• Your instructions: Each line below from the line with "Drake at a sports event" to the line with "INSIGHT - Colored hair - Protective shampoo" must be copied exactly, including those two, and no picture may appear in the copy.

• Supplied material:
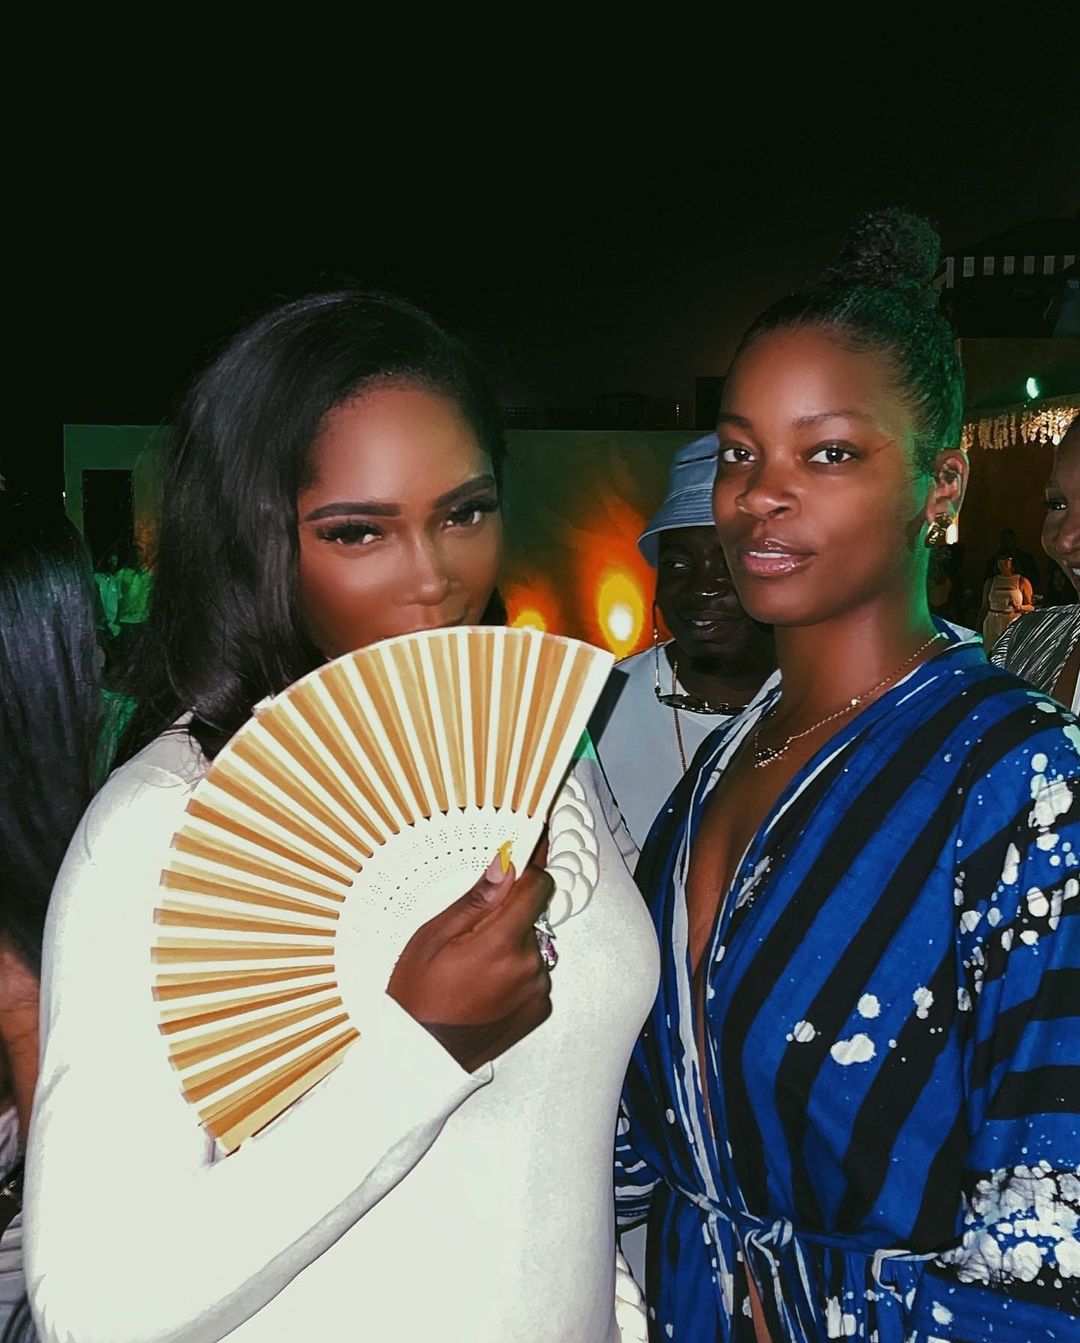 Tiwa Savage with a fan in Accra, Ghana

* * *

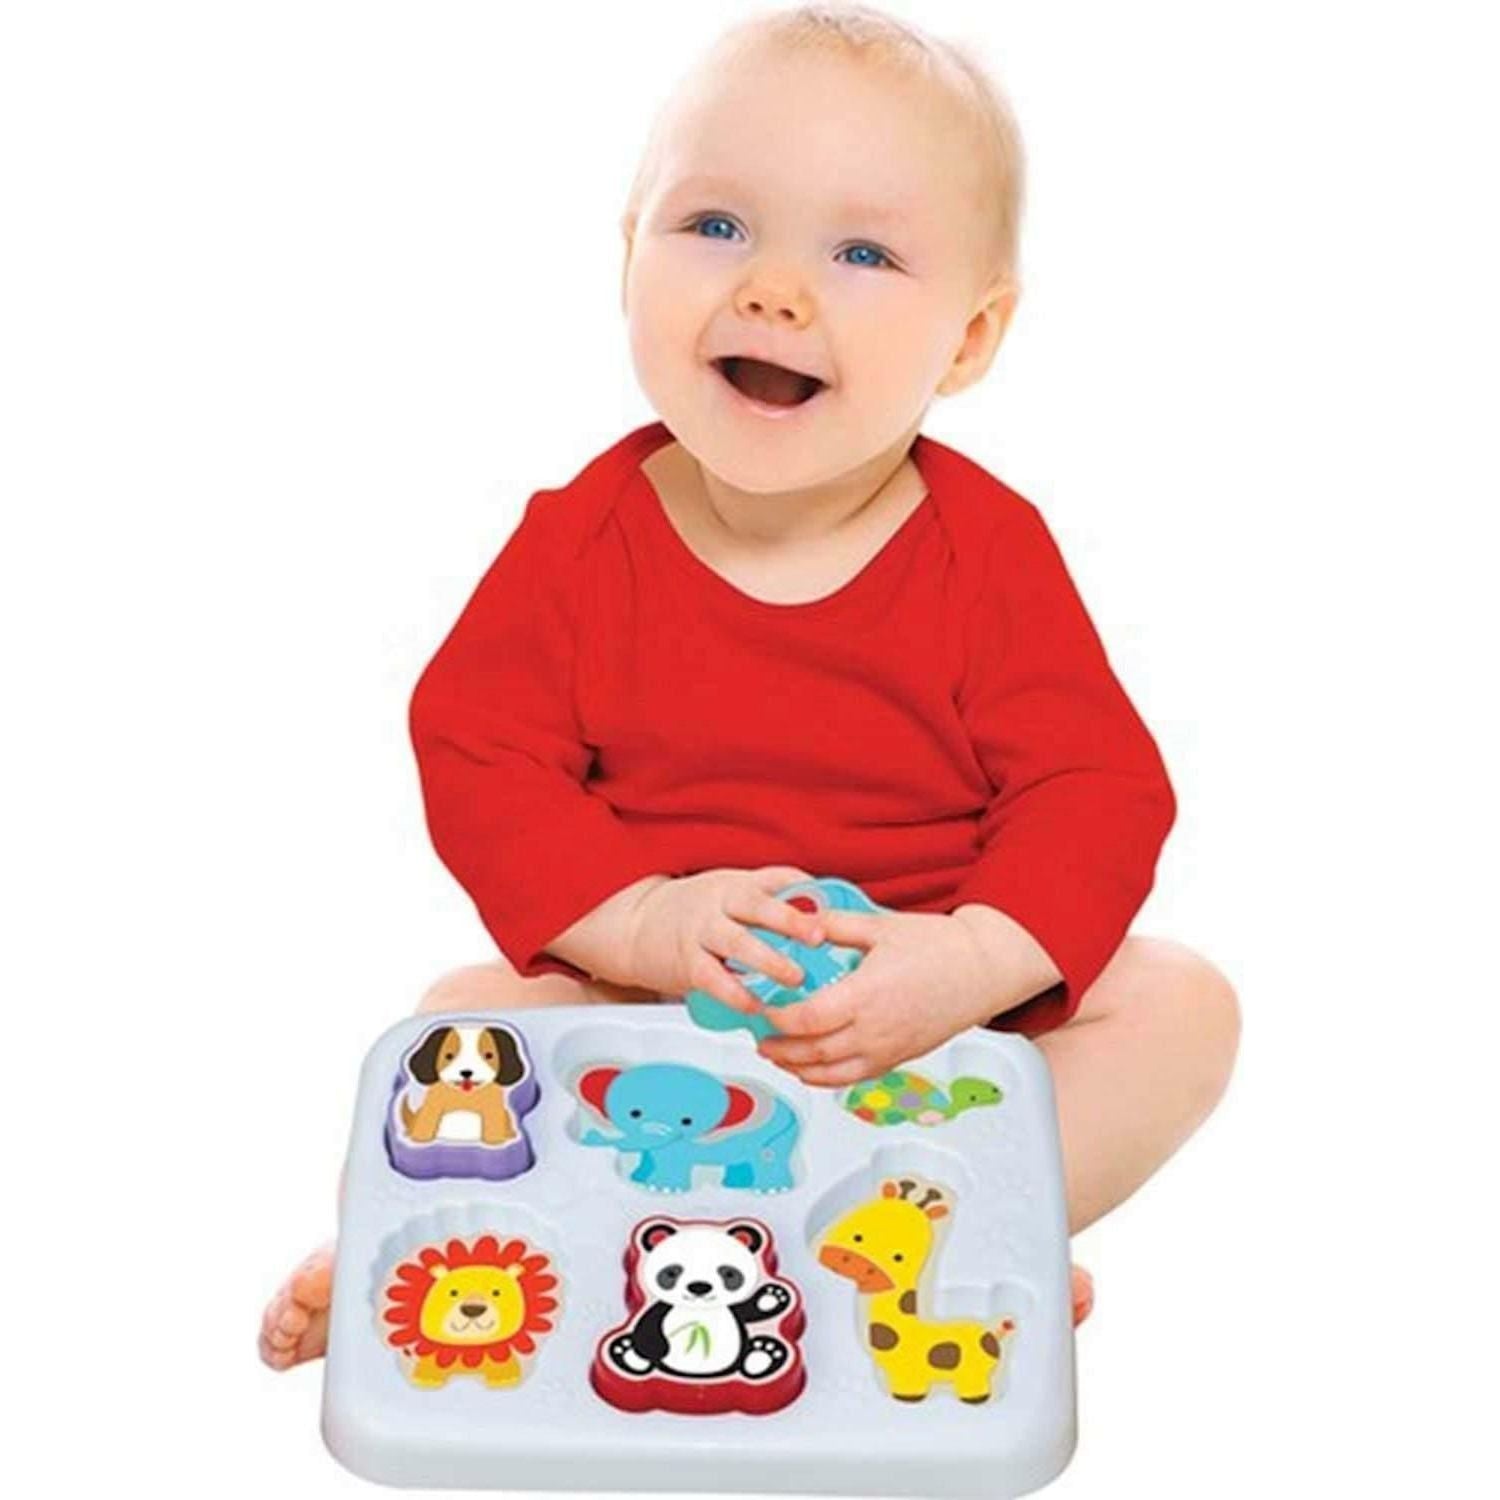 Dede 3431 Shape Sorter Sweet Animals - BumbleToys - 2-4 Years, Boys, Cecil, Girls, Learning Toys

---

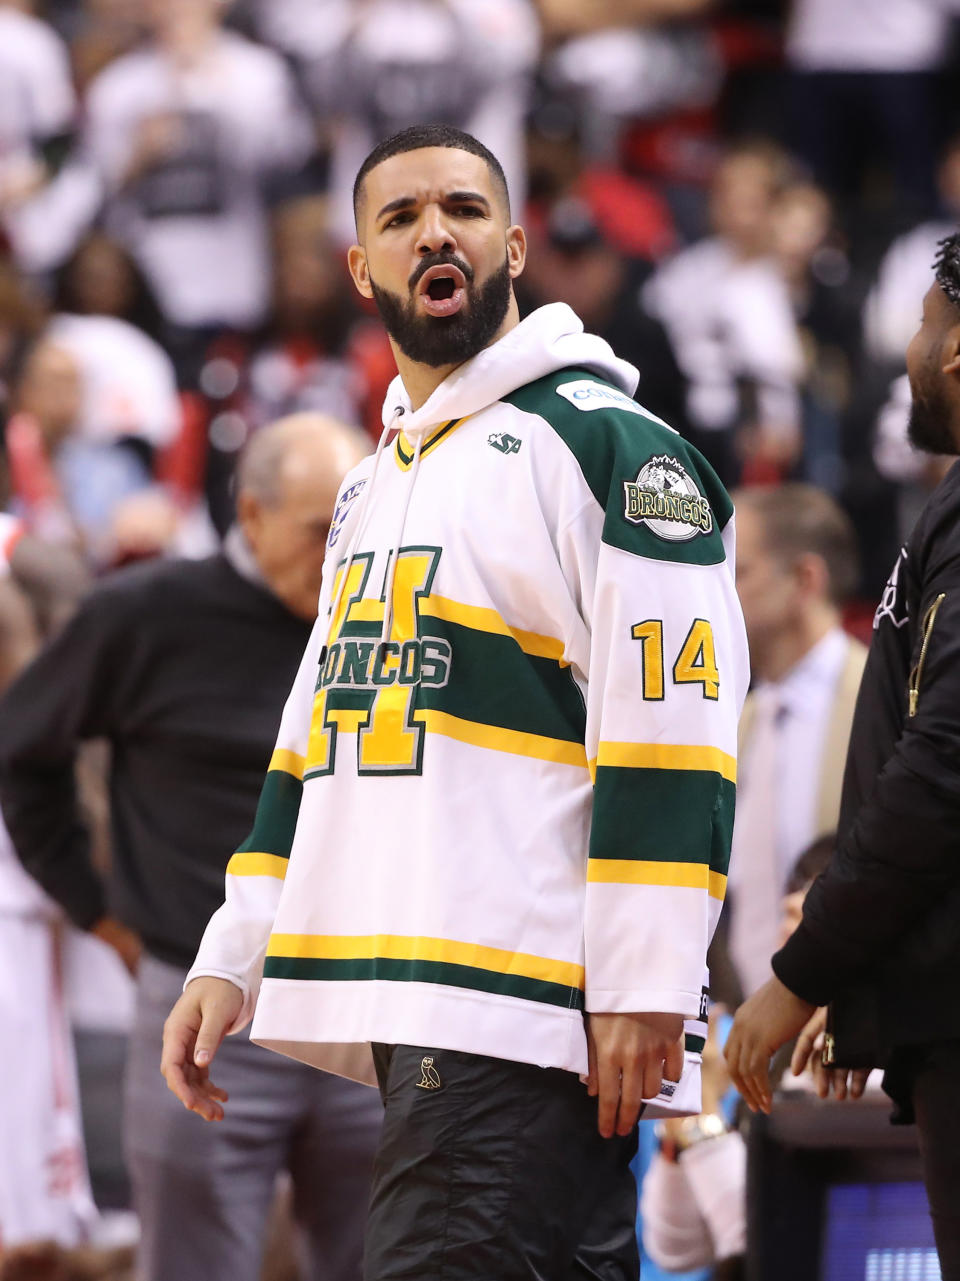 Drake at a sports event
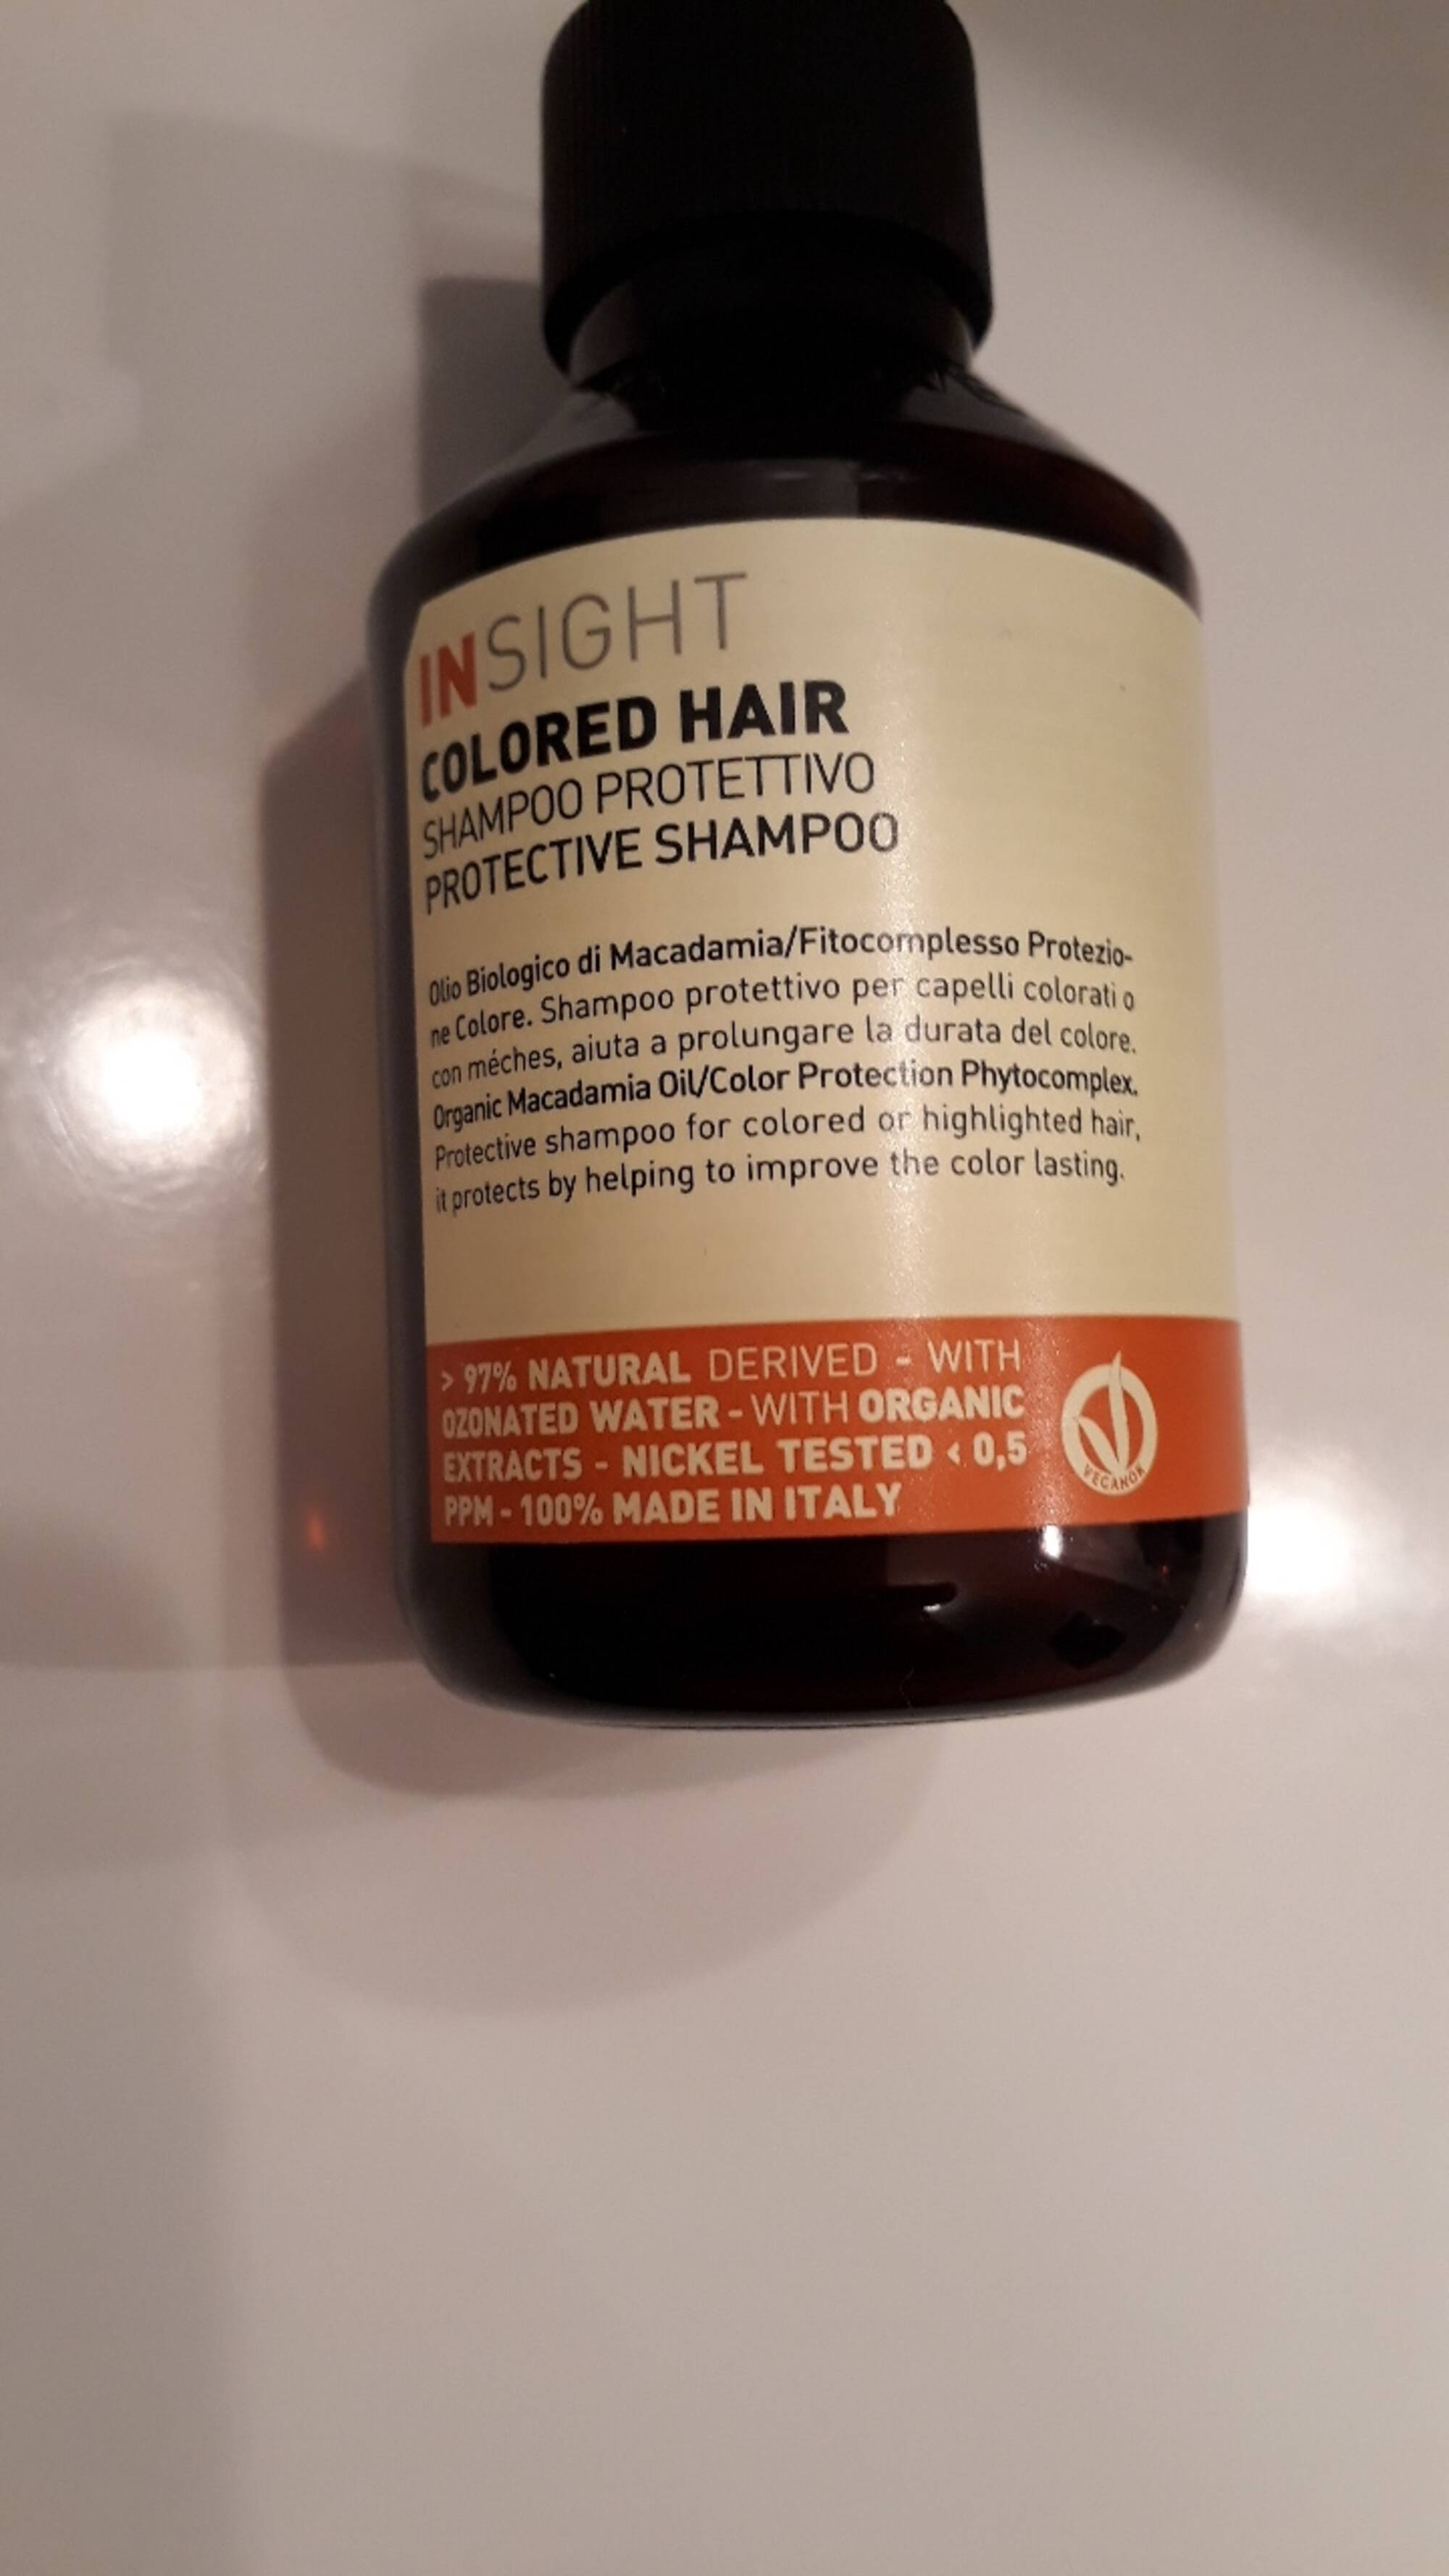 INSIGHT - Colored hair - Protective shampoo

• Written solution:
 Drake at a sports event
 INSIGHT - Colored hair - Protective shampoo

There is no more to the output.